白芷见她不愿多说,只好说:“一会儿我给你泡一杯安神茶吧!”
“谢谢。”云歌心头终于拂过一丝暖意。
来到内间,案几之上,放着熟悉的雕漆食盒。
云歌的心尖跟着缩了一下。
她打开食盒,里面是京城最负盛名的芙蓉糕。芙蓉糕已经凉了,一股清香飘散开来。
盒盖上依然是他的字迹:“赔罪,昭。”
“赔罪……”云歌轻轻呢喃着这两个字,不争气地红了眼眶。
就在这时,萧策走了进来。
他今日穿了一身墨绿色的劲装,愈发显得身材挺拔。
萧策看到云歌擦去眼角的泪水,神情顿了顿,狭长的眸子里闪过一丝不易察觉的慌乱。
“唐姑娘,济春堂附近被安插的暗卫,今日尽数撤去了。”
云歌一僵,他真的撤走了。
“这些暗卫是一顶一的高手,寻常人不会发现他们。”萧策继续说道,那双眸子里依然平静如水。
如果不是他在斗兽场练就的敏锐听觉和嗅觉,连他也未必会发现他们的踪迹。
“他……是那本兵书的主人吗?”萧策忽然道。
云歌点点头,压住心头的苦涩:“本想让你们认识,可惜一直没能如愿。”
萧策向前一步,神色忽然严肃起来,直视着她的眼睛:“唐姑娘,如果你遇到什么麻烦,不管你让我做什么,我都愿意……”
他的目光极其严肃,仿佛在说一件关乎生死的事。
云歌一愣,连忙说:“我没事,你不用担心。”
萧策的眼眸微不可察地垂下,随后自嘲般地笑了笑,轻声道:“明白了。”
他没有再多说什么,转身走了出去。
济春堂内一如既往的忙碌。
每日的点心仍旧换着花样送达,那张写着“赔罪”的遒劲纸条也依然如故,一切似乎都与从前无异。
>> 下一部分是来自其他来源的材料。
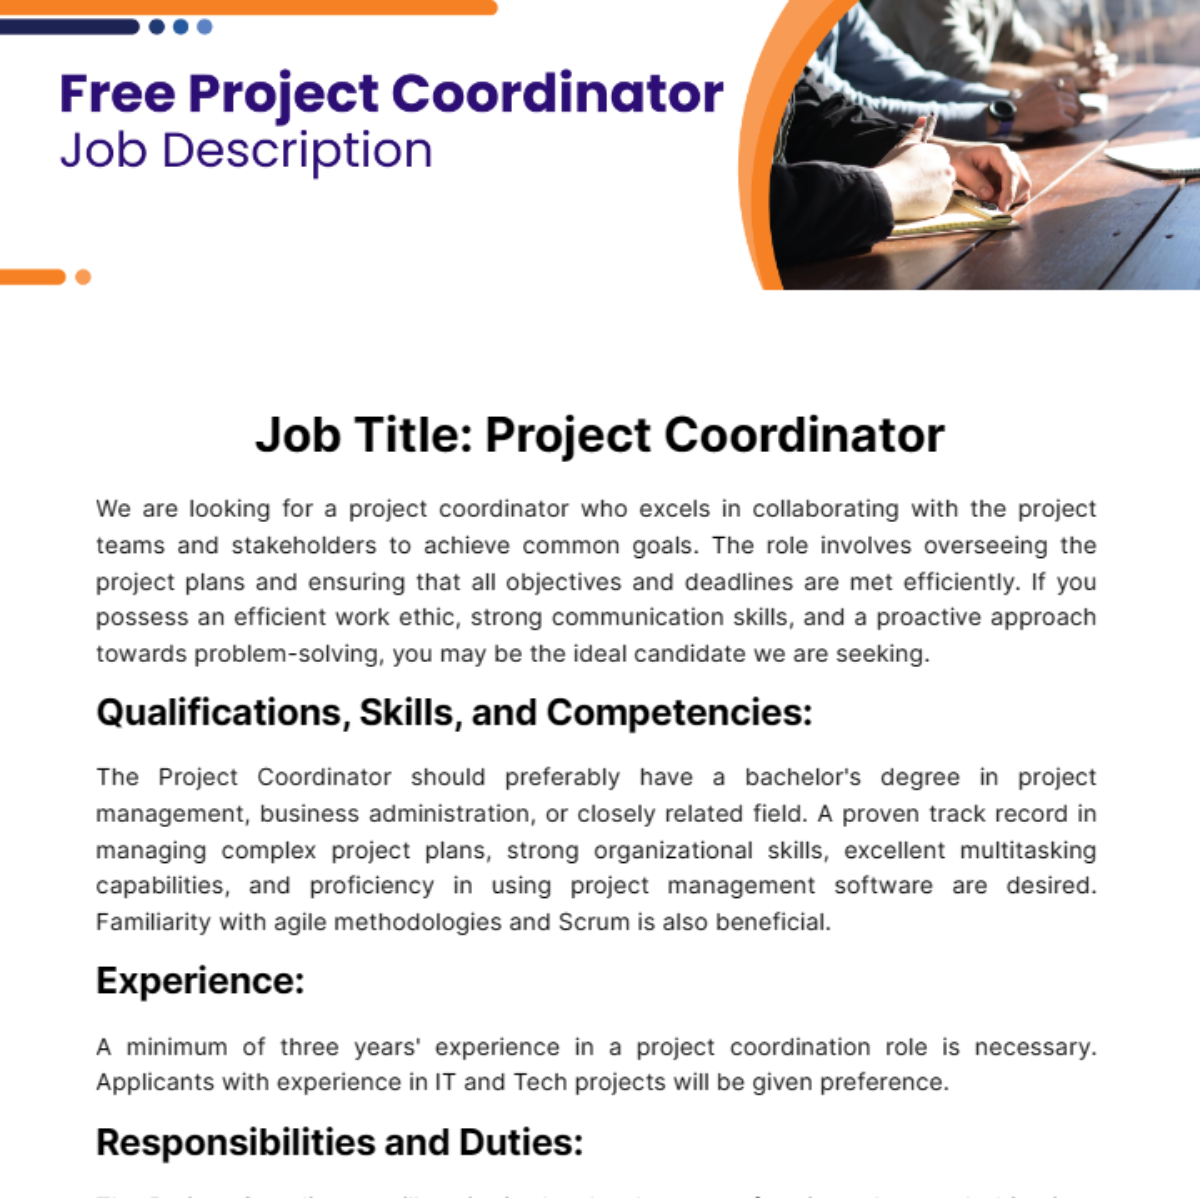 Free Project Coordinator Job Description Template

可每当夜深人静,她回到靖安侯府,走过那条熟悉的长廊,总会不自觉地停下脚步,去寻找那个仿佛无处不在的熟悉身影。
然而,除了清冷的月光,却始终一无所获。
这种煎熬让时间变得漫长而难捱。
就在她思念愈深的时候,宫里传来了消息。
皇上要在皇家猎场举办盛大的春狩,广邀京中贵胄同乐。
唐云歌身为靖安侯府嫡女,又因济春堂的声名,自然在受邀之列。
若是往日,云歌定会想方设法推脱掉这种喧嚣的场合。但是这次,父亲神色凝重地告诉她,皇上点名要她去,她不能推拒。
也许……能在那里见到他。
想到这里,唐云歌难得地产生一丝期待。
出发那天,阳光明媚,春风和煦。
唐云歌着一身素雅的浅蓝色骑装,长发仅用一支素银簪将其挽起。
到了皇家猎场,旌旗蔽日,金鼓齐鸣,达官贵人早已云集于此。
看台上坐满了王公大臣,下方场地中,骏马嘶鸣,飞鹰盘旋,铠甲闪烁着刺眼的光芒。
唐云歌坐定,就看到身边几个贵女妆容艳丽,东张西望的,似乎在期待着什么。
“听说今日晋王殿下也会来。”一位身着绯红罗裙的贵女掩唇娇笑,眼眸亮晶晶的。
“你可别做梦了,”旁边立刻有人打趣道,“晋王殿下何等人物?连看都不会看咱们一眼。我听闻他喜好清静,只怕是露个面便走了。”
“不过,能远远看上一眼那神仙般的容颜,也不枉我今日精心打扮一番。”
几个贵女窃窃私语,看向猎场入口的眼神充满了期待。
唐云歌轻轻低下头,掩住眸底的苦涩。
她没想到,自己竟然也和她们一样,卑微地渴望着能在这熙攘的人群中,远远地看他一眼。
“晋王殿下驾到——”
随着太监尖细的嗓音穿透喧嚣响起,原本热火朝天的猎场顿时安静了下来。
云歌猛地抬头看去。
只见宁昭身着一身华贵的暗紫色骑装,骑着一匹通体漆黑的骏马缓缓行来。
他身姿依旧清隽,好像比之前瘦了几分,平日里冷硬的轮廓显得愈发锐利。